At 37, Brown is a teacher, author and living legend. He looks the part. Over six feet tall, he stands ramrod straight, a blue T-shirt stretched across a broad chest and powerful biceps. His hair, showing streaks of silvergray, is cut short, military style—a far cry from the flowing tresses he has worn until only a few months ago. His eyes are steel blue, piercing, always darting, never focusing for long on any one person or thing.

Brown became a national figure in 1976, when his first book, The Tracker, was published. The Tracker tells the extraordinary story of Brown's childhood, spent in the New Jersey Pine Barrens under the tutelage of an elderly displaced Apache scout named Stalking Wolf. From the time he was seven years old, he was trained by Stalking Wolf in the old ways, the traditional skills and philosophies of Native Americans. Brown believes, in retrospect, that he was chosen by Stalking Wolf to pass along the ancient teachings and skills.

In 1977 he started this school, today probably the best-known and largest wilderness survival and tracking school in the country. He has also written a set of field guides, a second autobiographical book, The Search (a third is in the works), and countless magazine articles, including a popular series, "At Home in the Wilderness," for MOTHER.

But even before he started the school or wrote his first book, Brown was known among law enforcement and government agencies as "The Tracker." His exploits in finding criminals and lost children, sometimes staying on the trail without provisions for days, are epic. He is widely acknowledged as the best tracker in the country, period.

This week, though, he is our teacher, our medicine man, our Stalking Wolf.

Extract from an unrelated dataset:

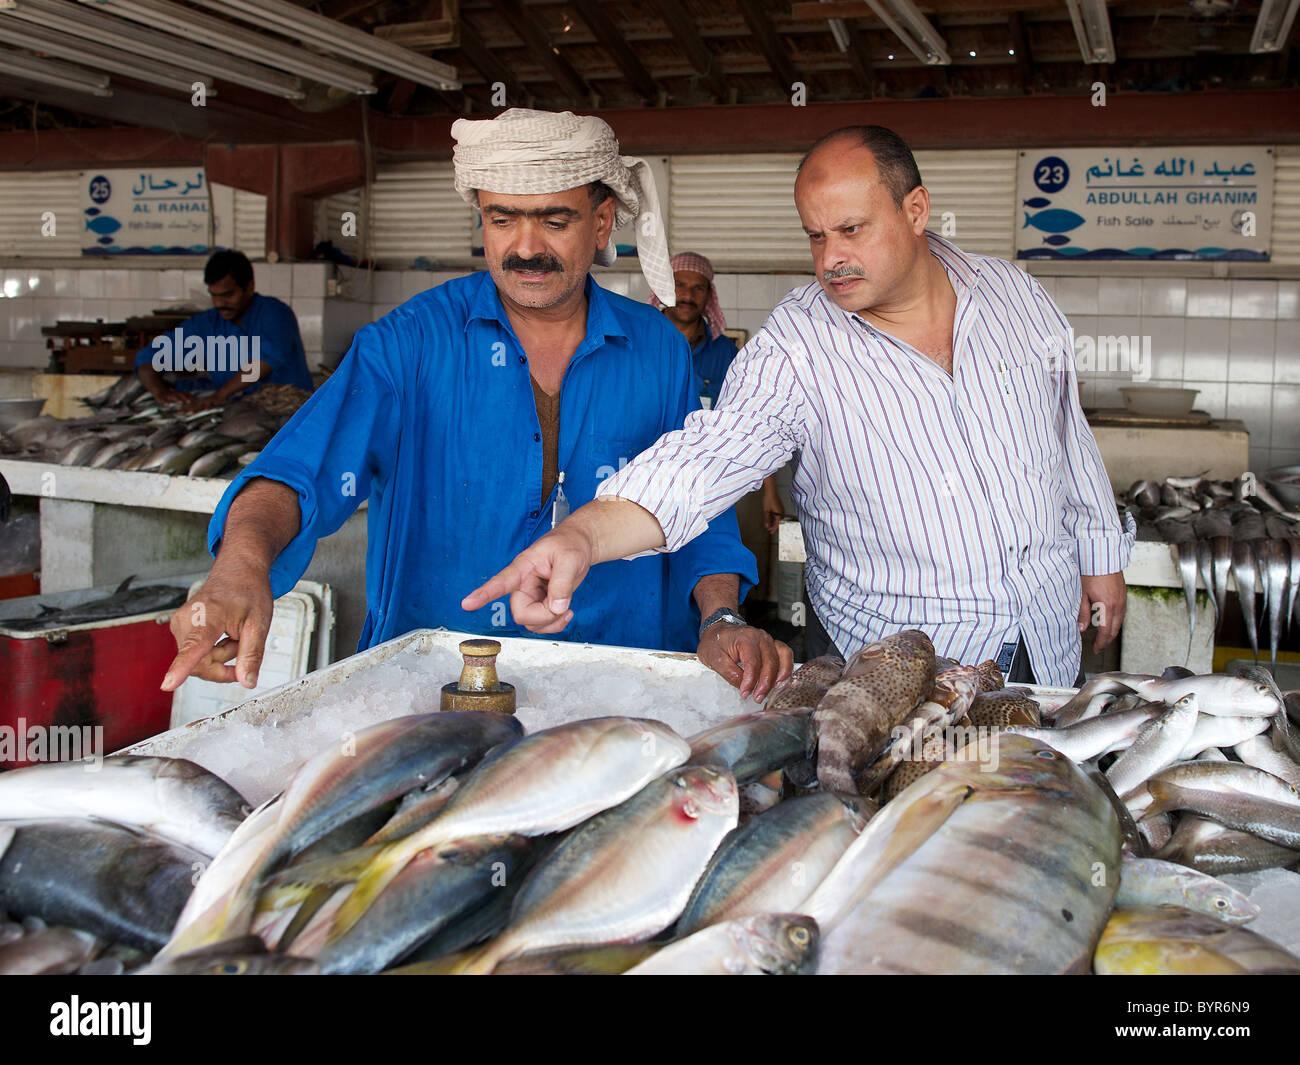 Choosing fresh fish at Sharjah fish market, Dubai, UAE Stock
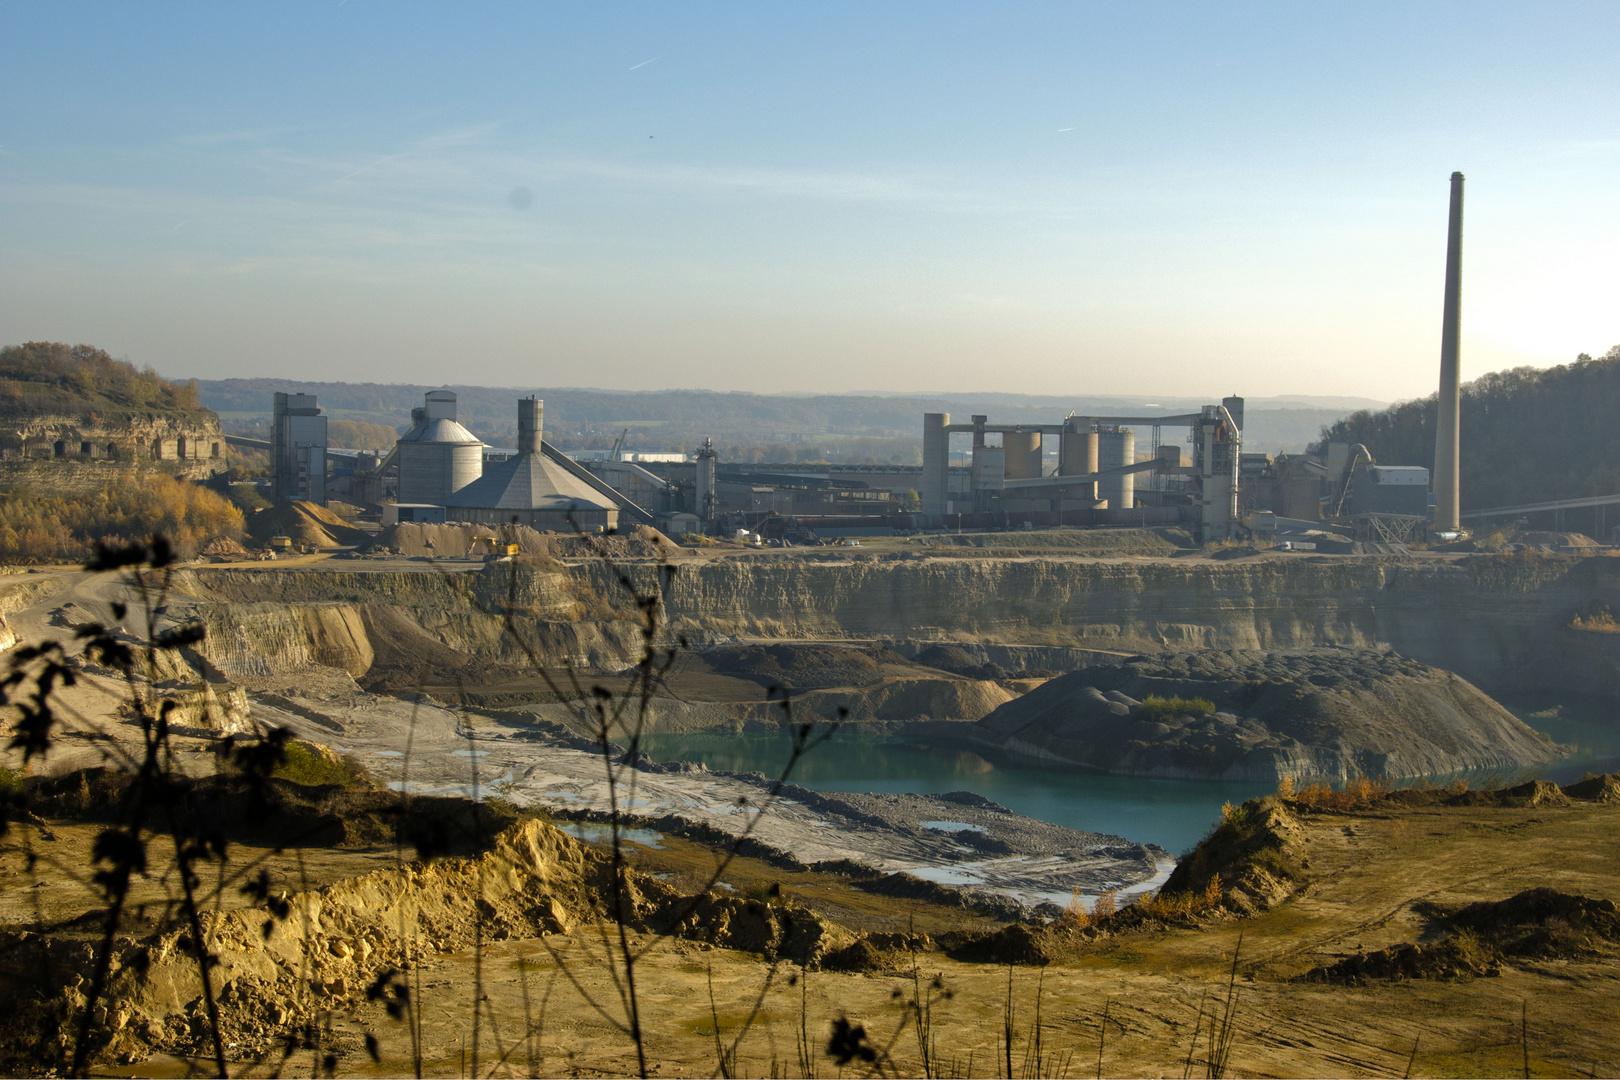 Maastricht - ENCI-Plant (Dutch Cement Works) - 04

Brown gestures with a sweep of his arm to the field and meadows adjoining. "People travel hundreds of miles to crowd into places like Yosemite or Yellowstone to see the wildlife," he says, "when there's so much to see and appreciate right in their own back yards. A field like this contains every bit as much wildlife, every bit as much natural diversity and variety, as any park anywhere in the country. And all you have to do is learn how to look for it. That's all. Just learn how to look and see."